News Brief
New AIA Contracts Reinforce Sustainability Plans

This diagram shows the various AIA agreements in a design-bid-build project where a Sustainable Projects Exhibit is used (here the E204). Each party has the exhibit attached to their contract, and the sustainability consultant is brought in through the new scope of services agreement (C204).
Image: American Institute of ArchitectsPreviously, the Guide for Sustainable Projects contained model language designed to be pulled into other contracts. But the provisions still needed to be modified based on whether the project was a typical design-bid-build or alternative delivery model and coordinated with any sustainability provisions already in the base agreement. Now, there’s a consolidated Sustainable Projects Exhibit for each kind of delivery model (A141-2014 Exhibit C, E204-2017, E234-2019, and E235-2019, respectively) and each requires the creation of a “sustainability plan.” As a result, the Guide for Sustainable Projects’ main purpose has become describing various approaches to sustainability and demonstrating how these approaches might translate into a sustainability plan for the Sustainable Project Exhibit.

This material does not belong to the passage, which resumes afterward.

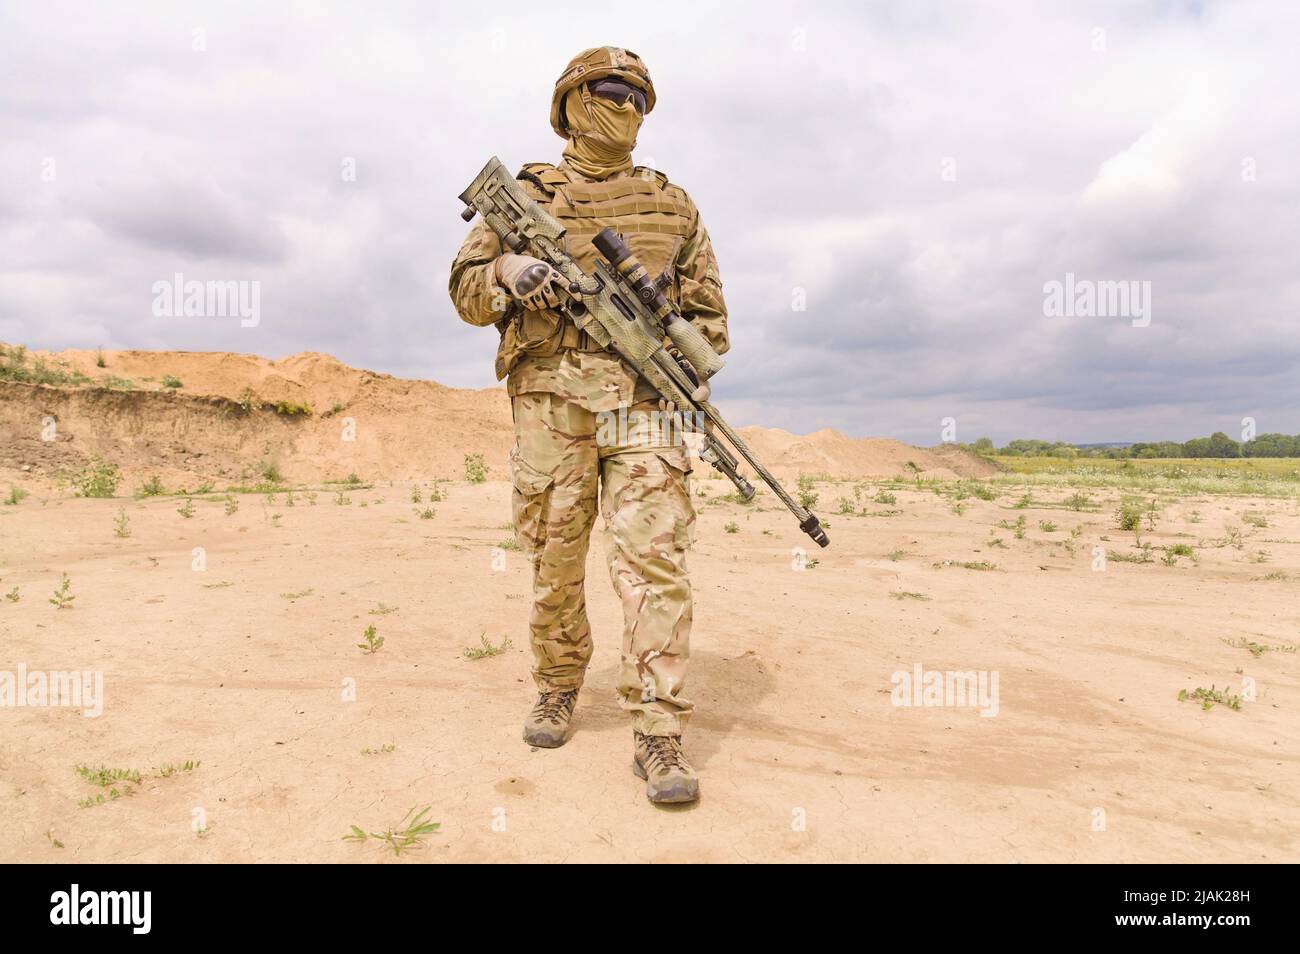 Fully equipped and armed soldier with rifle in the desert. Stock Photo

The Guide for Sustainable Projects begins by highlighting the Committee on the Environment (COTE) Top Ten Measures (now dubbed the Framework for Design Excellence by AIA) and provides high-level overviews of concepts like material transparency and resilience. Then it lists many of the major rating and certification systems and jurisdictional requirements that a sustainable project might be engaging with, including ASHRAE Standard 209 for whole-building energy simulations. Sample sustainability plans are provided for LEED, WELL, and the International Green Construction Code.
If most of the responsibilities for sustainability have been designated to a consultant, that’s where the new Sustainability Consultant Scope of Services comes in handy. For design-bid-build projects where the owner has executed a Sustainable Project Exhibit with the architect and the architect in turn hires a sustainability consultant, this agreement defines the consultant’s scope and relieves the architect of certain responsibilities. For example, the consultant takes over developing the sustainability plan, reviewing submittals for compliance with a sustainability certification, and paying the certification fees.
AIA’s efforts to streamline contracting for sustainable projects and make these provisions available across all project types follows on the heels of the “Big Move” announced in 2019.